The dog wagged his tail once, then returned to Joe’s side.

“I can arrange for you to have a treatment,” she said. “Bring everything you need here.”

“We could.” Most of his medical care was attended to at his office or his home, as he couldn’t go outside. Fortunately, he was wealthy. He felt for those who were trapped in even smaller realms than he was, with even fewer resources. “But I’m not ready.”

She ran one hand through her close-cropped black curls. “You’re the patient.”

“I thought I was the CEO.”

“That, too.” She conceded the point with a shake of her head. “You’re making good progress, even if it’s slower than you’d like.”

“I feel like I’m going to spend the rest of my life haunting Grand Central and the tunnels like Erik in Phantom of the Opera.” Even to himself, he sounded bitter. He hated being trapped — Grand Central, the tunnels, buildings he could access via steam tunnels. His entire world. No fresh air in his lungs, no rain on his skin, no true stars above his head. He was closed inside an artificial universe, his life as constrained as a player in a video game.

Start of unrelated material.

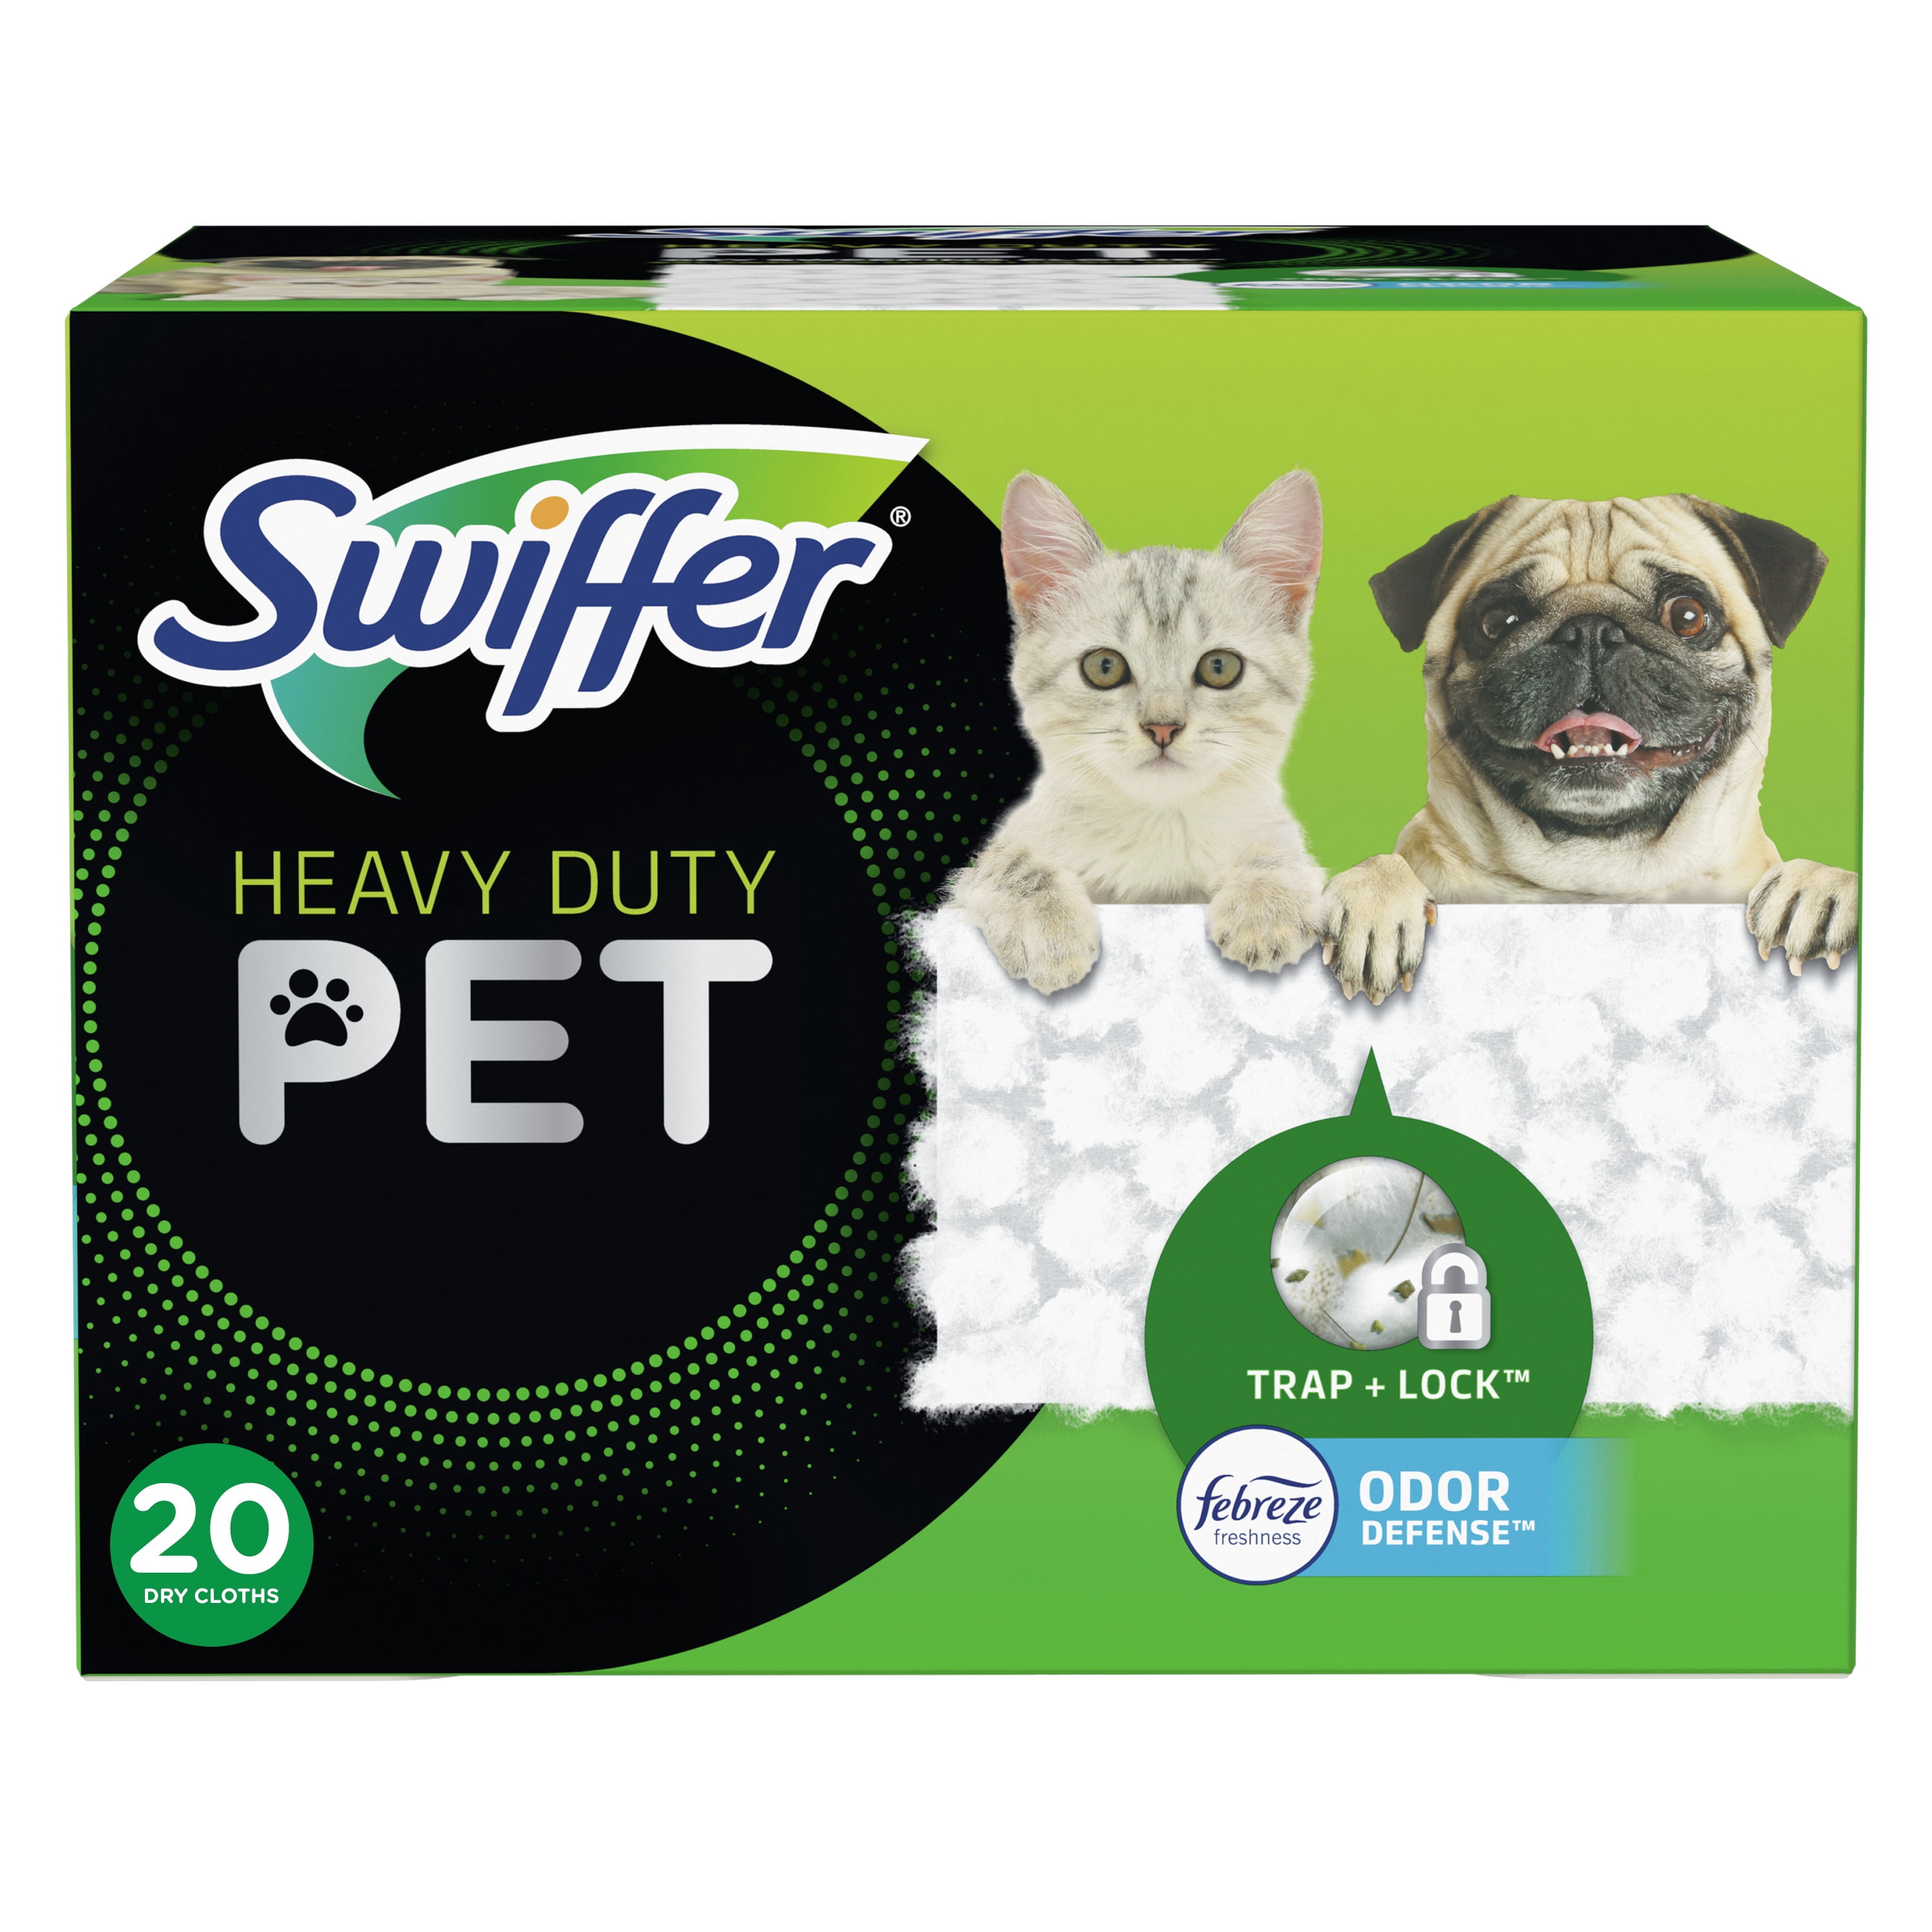 Swiffer Sweeper Heavy Duty Pet Dry Refills, Febreze Odor Defense, 20 Ct

Her face softened, and he wanted to apologize, because this wasn’t her fault, but someone knocked.

“Come in,” he called.

Marnie, his executive assistant, opened the door and stuck her head through. “Sorry to interrupt. You’re due at the sub in a half hour.”

“Five minutes.” He had synesthesia and the color for five (brown) appeared in his mind. This brain quirk often came in handy in his mathematical world, helping him to find patterns in massive arrays of data.

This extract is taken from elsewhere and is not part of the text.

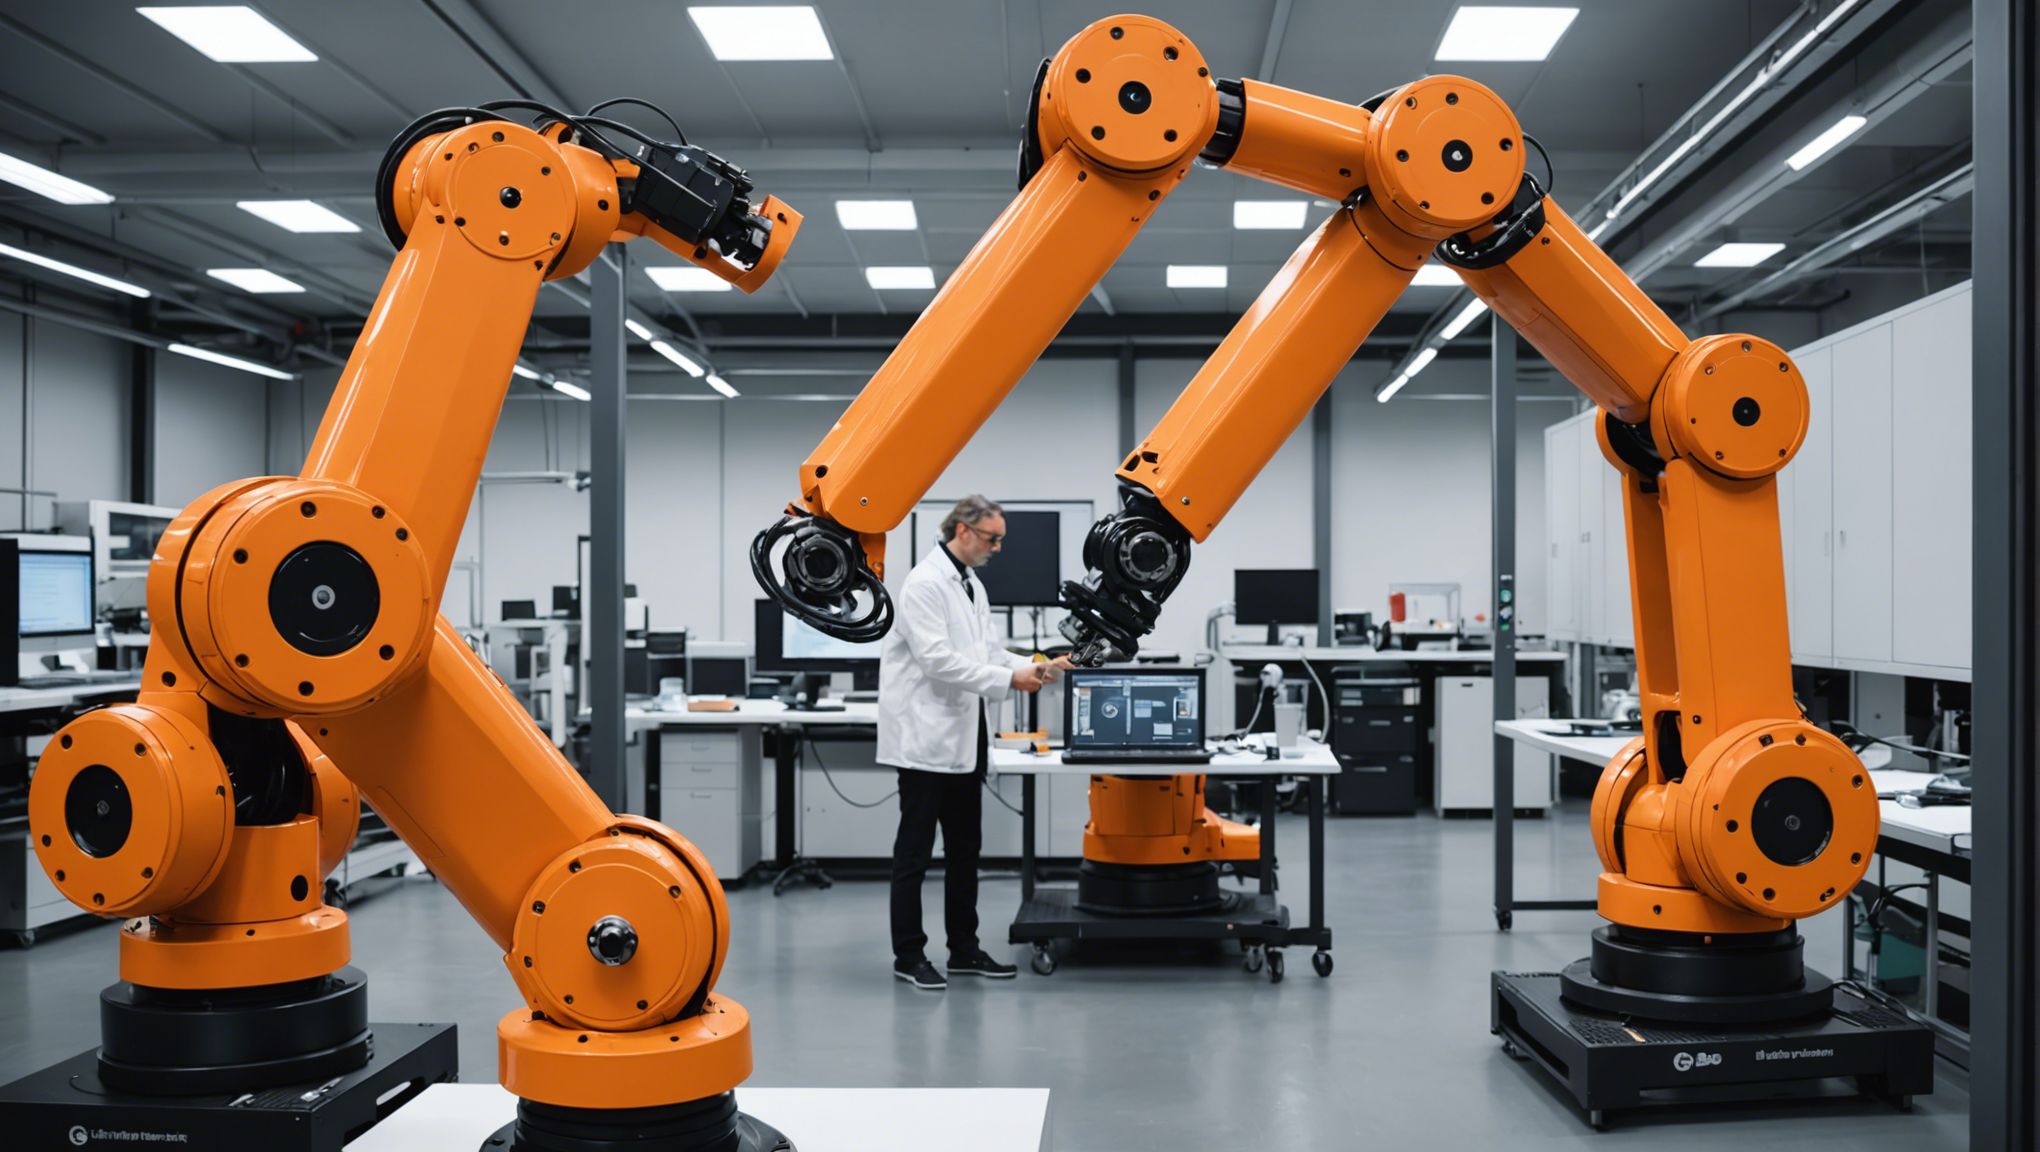 découvrez comment l'intégration des robots collaboratifs révolutionne l'industrie. obtenez des informations clés sur cette évolution majeure avec notre article.

The brain on the wall pulsed, and Marnie looked over at it. “What’s happening to that brain?”

“Electroconvulsive therapy,” Dr. Plantec said.

“Like in One Flew Over the Cuckoo’s Nest?” Marnie’s eyes never left the convulsing brain.

“Kind of,” Joe said.

“It’s come a long way since that unfortunate depiction.” Dr. Plantec pursed her lips. “And it wasn’t even accurate at the time.”

Marnie glanced between them. “Just say no.”

She stepped back and closed the door.

“She makes a compelling point,” Joe said. “Succinct, too.”

“Shall we review the data?” Dr. Plantec set her tablet on his desk, and they spent the next few minutes discussing her latest results. She was brilliant, and he was lucky to have recruited her.

And she was usually right.

Nothing else was working fast enough — drugs made him stupid and slow and still didn’t help, talk therapy made it worse, and his Pellucid desensitization was proceeding by only millimeters at a time. His condition was caused by an untested drug, not an actual memory, and it responded differently than other people’s phobias.

Maybe ECT was the answer. But a side effect of that treatment was amnesia. Sometimes, the patient just lost memories from around the time of the treatment, but other times, longer-term memories disappeared, too. He wasn’t ready to part with those. He’d lost too much already.